Given material »
<<<<

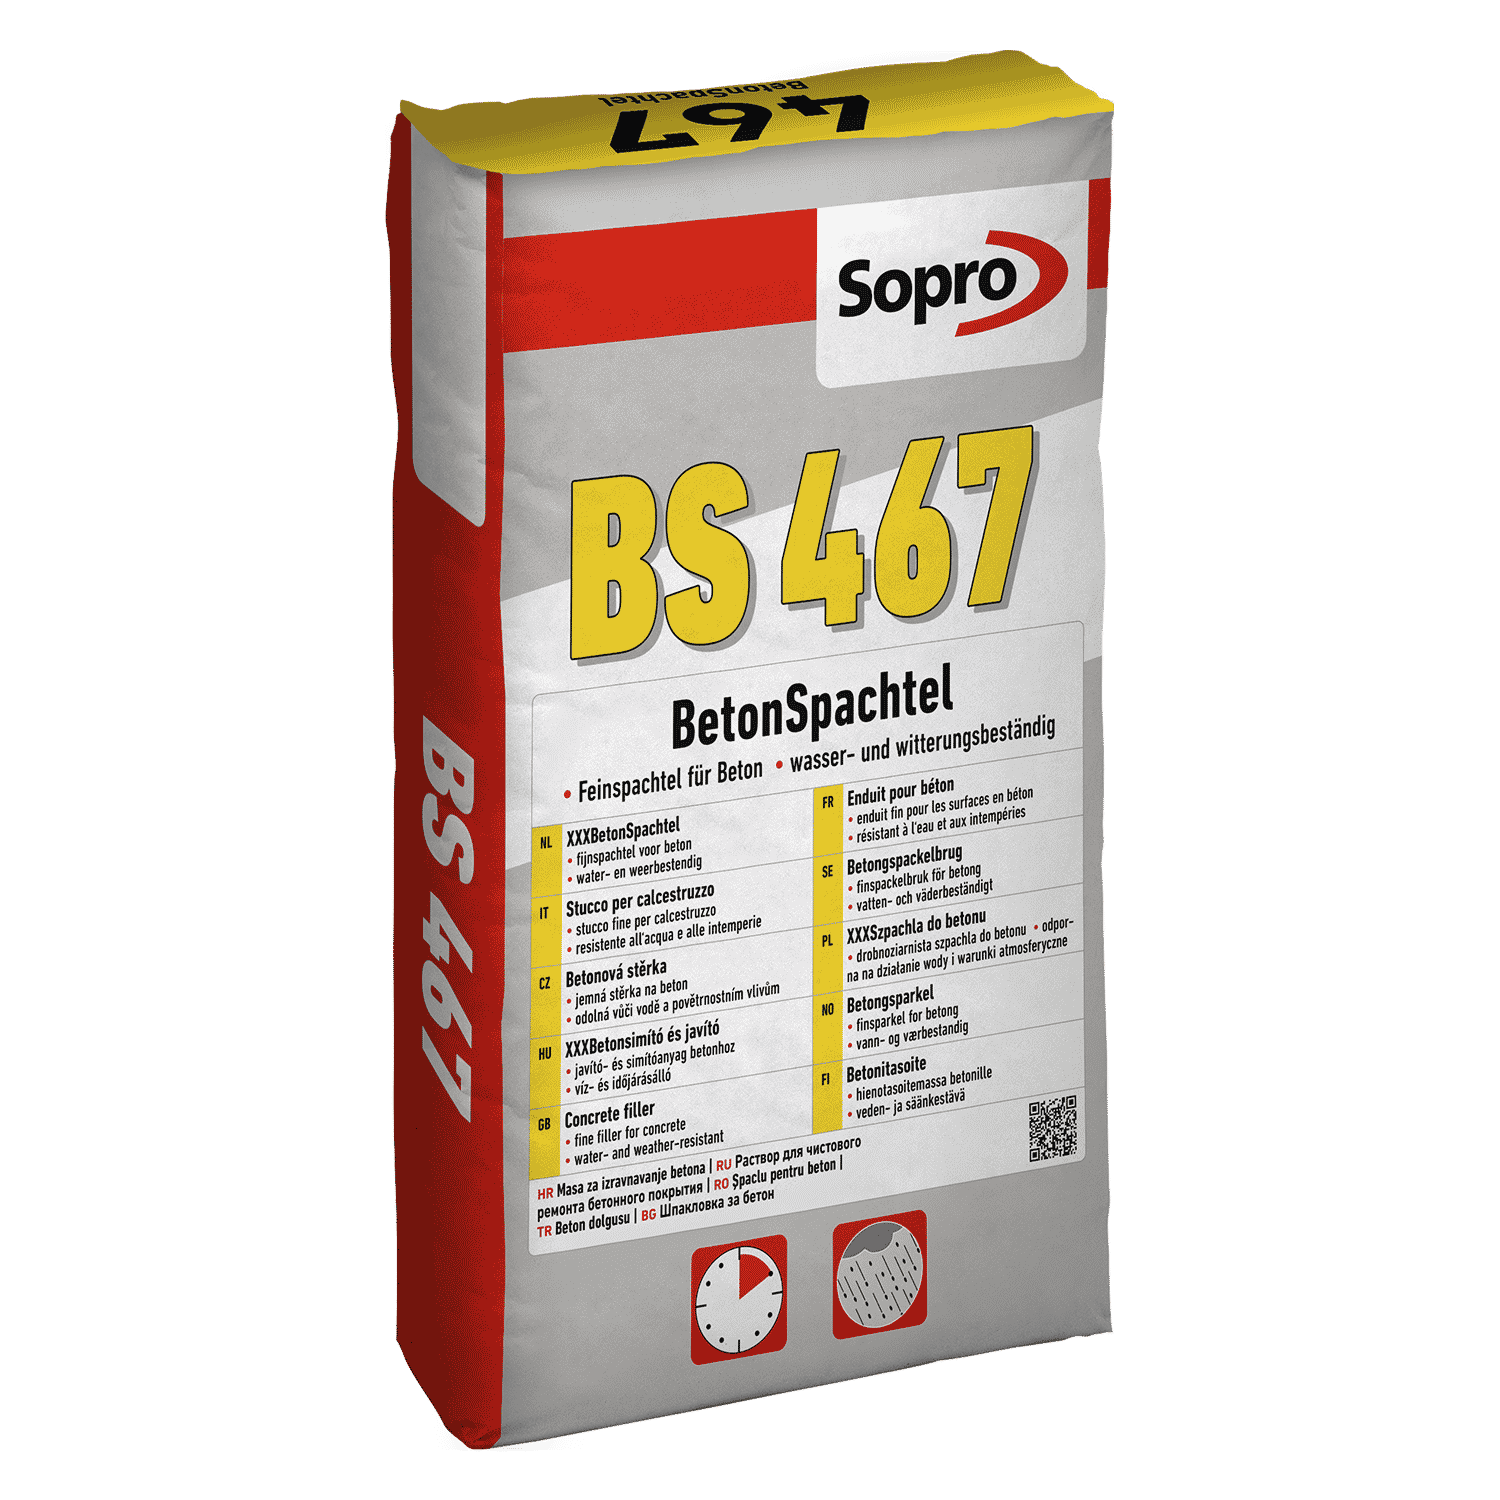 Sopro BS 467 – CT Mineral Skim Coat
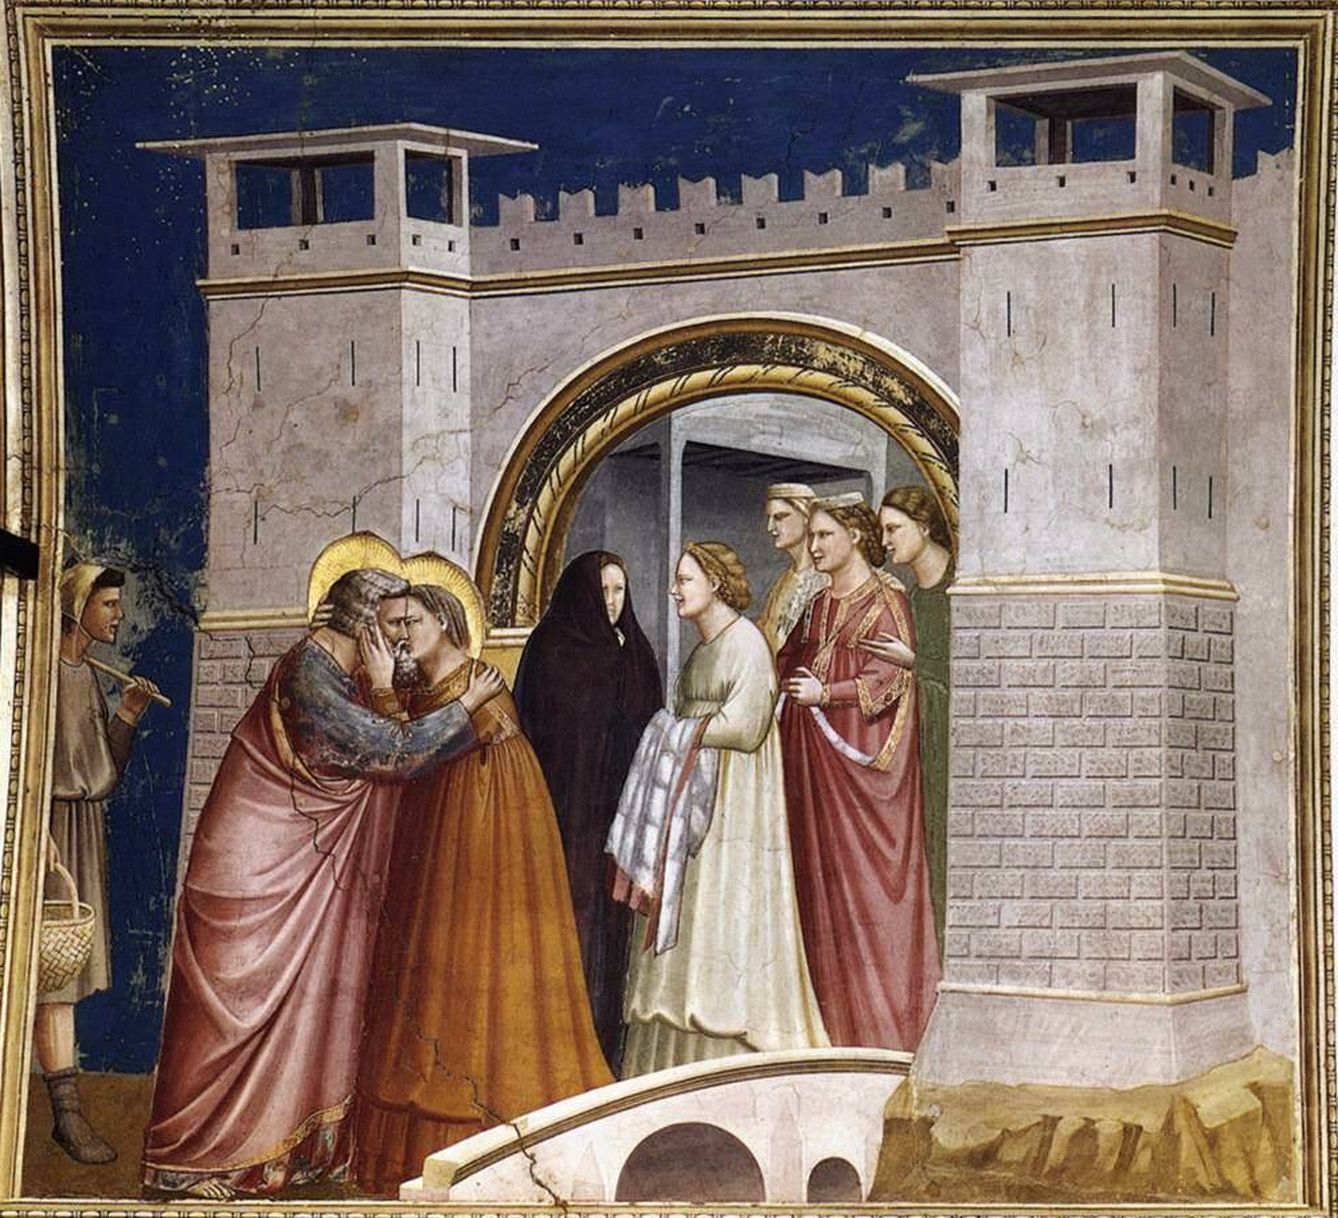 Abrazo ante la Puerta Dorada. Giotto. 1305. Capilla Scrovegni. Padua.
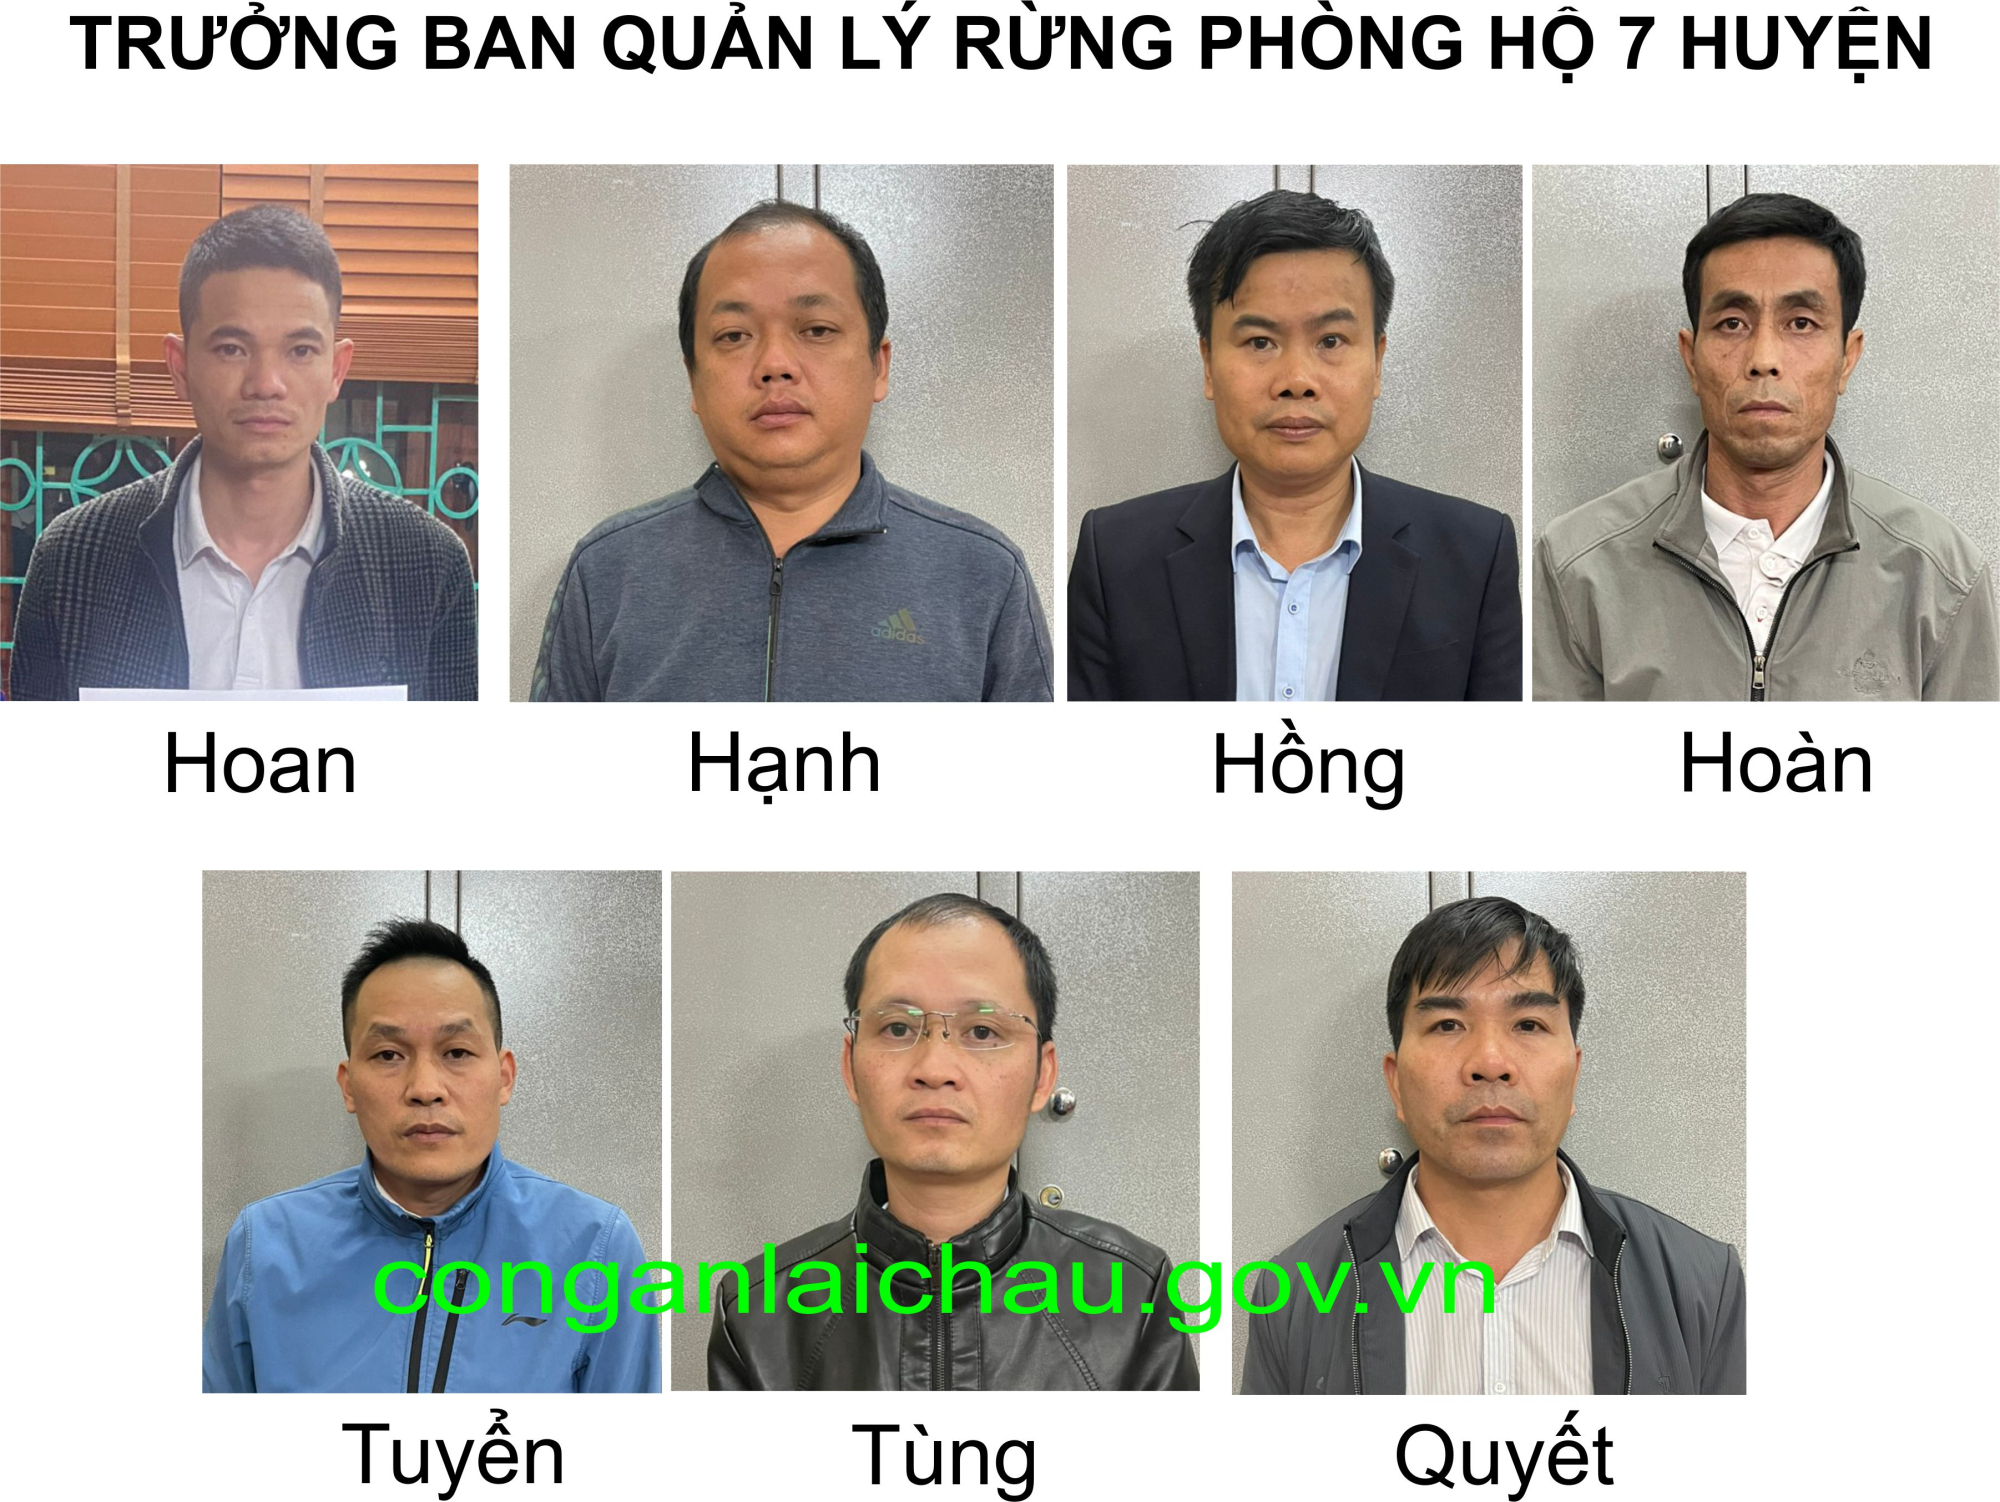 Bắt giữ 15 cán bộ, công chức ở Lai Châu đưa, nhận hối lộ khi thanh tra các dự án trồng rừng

>>>>

What is being asked » Please copy the data above character for character, skipping any pictures.

Output of the task »
 Sopro BS 467 – CT Mineral Skim Coat
 Abrazo ante la Puerta Dorada. Giotto. 1305. Capilla Scrovegni. Padua.
 Bắt giữ 15 cán bộ, công chức ở Lai Châu đưa, nhận hối lộ khi thanh tra các dự án trồng rừng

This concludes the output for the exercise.